The DNA inside a cell is not randomly distributed but rather organized in a structure called chromatin. This non-random distribution has important implications for the functioning of cellular programs. The basic building block of this organisation system is the nucleosome. The nucleosome consists of a short piece of DNA wrapped around a protein core, with millions of nucleosomes are present in the cell’s nucleus. The orientation of nucleosomes with respect to each other and the way they pack the genomic DNA determine the architecture of chromatin. The 3D architecture of chromatin influences which genetic programs can be accessed at a given point in time and is, therefore, fundamental for all biological processes in the cell.
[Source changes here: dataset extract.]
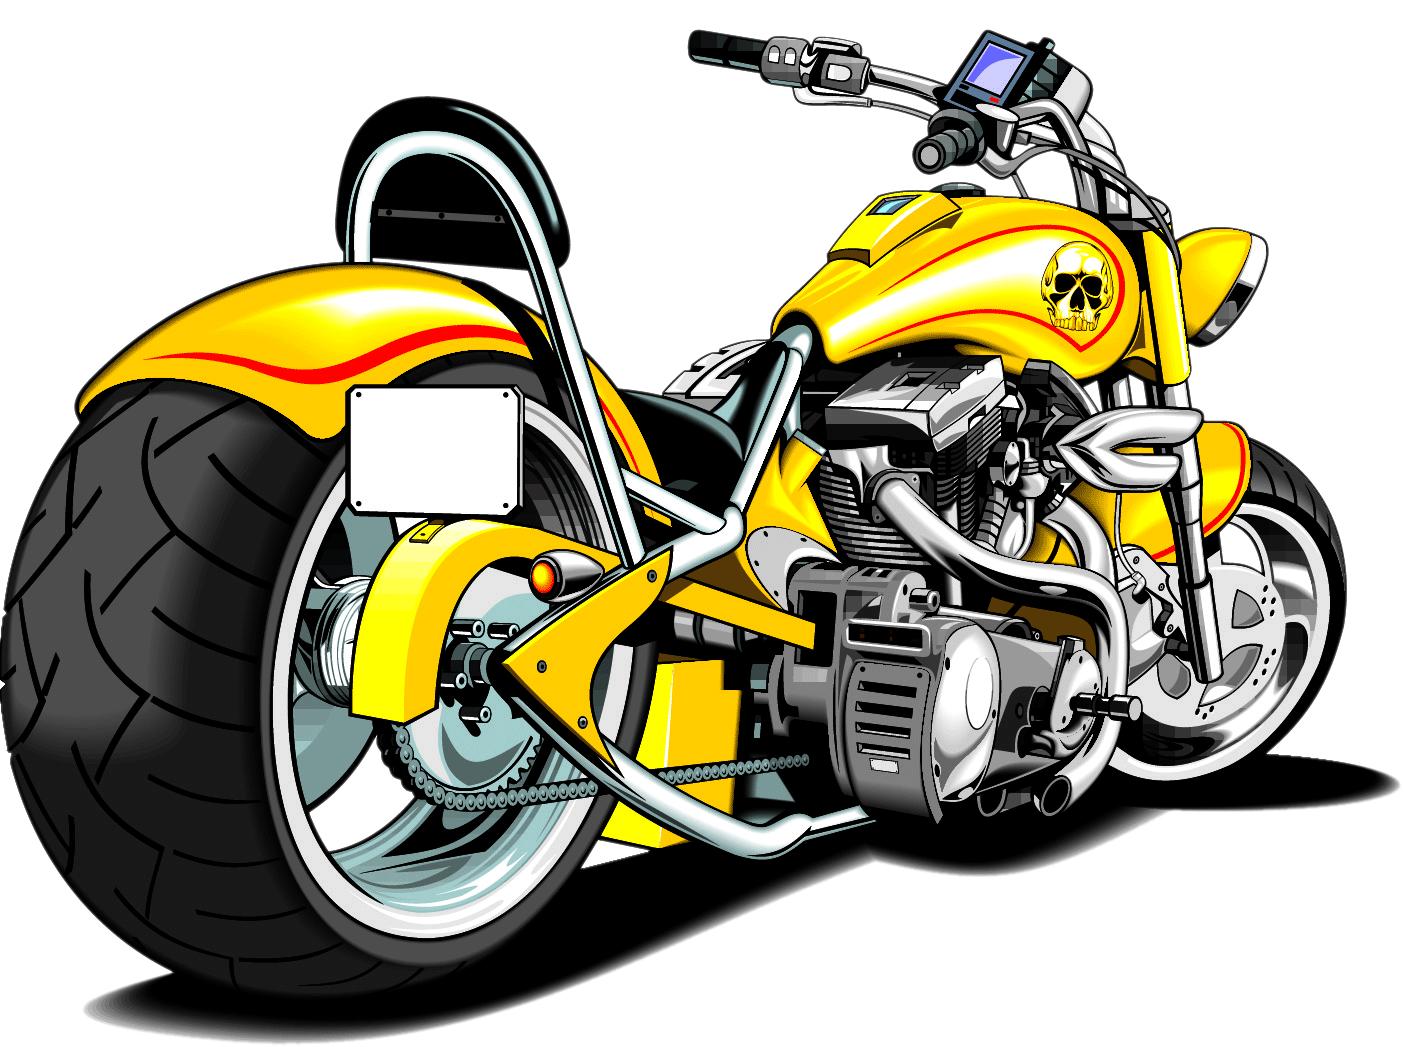 Harley Davidson PNG - 11038

We are working to determine the 3D structure of chromatin and how it affects the regulation of gene expression. The student would work to establish relative orientations and distances between nth-nearest neighbours nucleosomes and search for patterns of chromatin geometry in large data sets defining the structure of chromatin in its distinct states. The ultimate goal of the project is to establish a streamlined pipeline for the objective mapping and measures of chromatin structure and geometry, according to variables defined during the project.

Student cohort

Single Semester
Double Semester

Aim/outline

The ultimate goal of the project is to establish a streamlined pipeline for the objective mapping and measures of chromatin structure and geometry, starting from experimental data and according to variables defined during the project.

Required knowledge

Programming skills are required, with a background Matlab or R is advantageous. Some basic background in math would be advantageous, as the student will be encouraged to develop analytical methods for determining and analysing 3D structures of biological systems obtained from large and complex datasets.